I wouldn’t ever put a baby who isn’t yet mobile and fully regulating his own breathing in a bed by himself because I think that’s a huge reason why so many babies die of SIDS. This is backed up by research by Dr. Sears. He wrote a whole book on it and spent much time with hi-tech sleep equipment tracking the sleep patterns of infants when sleeping with and away from their mothers. He says it has to do with “sleep apnea.” The theory is that in a bed separate from you, your infant cannot hear your heartbeat and breathing, which is what apparently stimulates him to keep breathing, subconsciously. As you know, infants do not regulate their own breathing and often have stop-breathing episodes. The danger is when these episodes last too long and the child suffocates and dies. Theoretically, then, if the infant “hears” his mother breathing, this will not happen. So that’s why I absolutely would not sleep away from my baby until breathing is fully regulated.

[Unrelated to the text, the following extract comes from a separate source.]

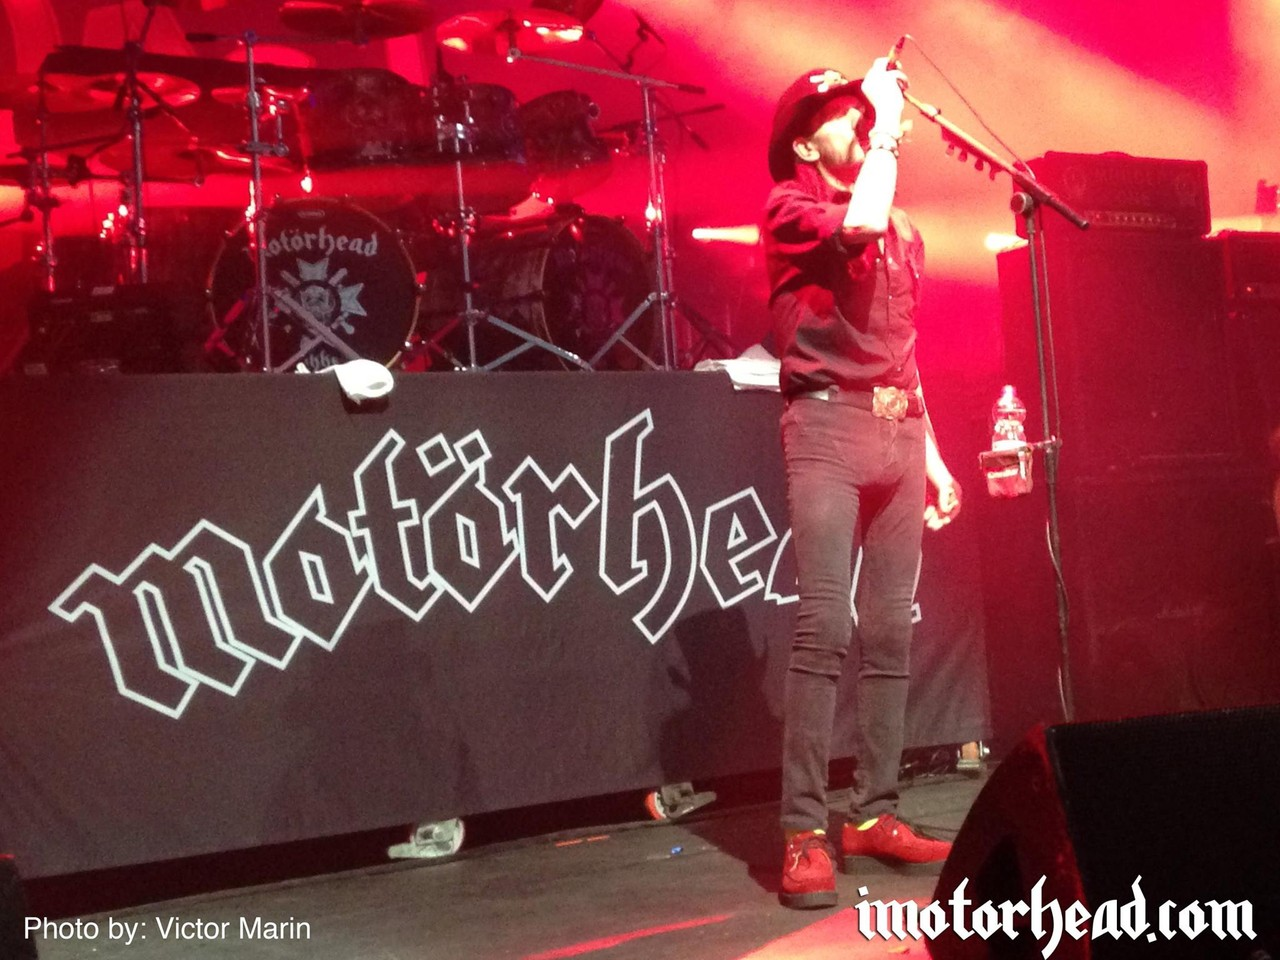 motorhead_palco.jpg

After that is established, other factors come into play. Nursing at night is very healthy for the child and helps to keep your cycles at bay for a good while. Mine came back at her first birthday, but even now I’m having trouble conceiving and it looks like I’ll have to start night weaning soon, to see if that works. The question becomes, how independent do I want her to be right now, and is she truly ready for that? Usually, it’s best to allow children to reach independence on their own timetables, and not to hurry the process simply because it inconveniences us a little. That said, there are without a doubt plenty of reasons why it would be better for a child to sleep at least in his own bed next to yours, or perhaps in another room.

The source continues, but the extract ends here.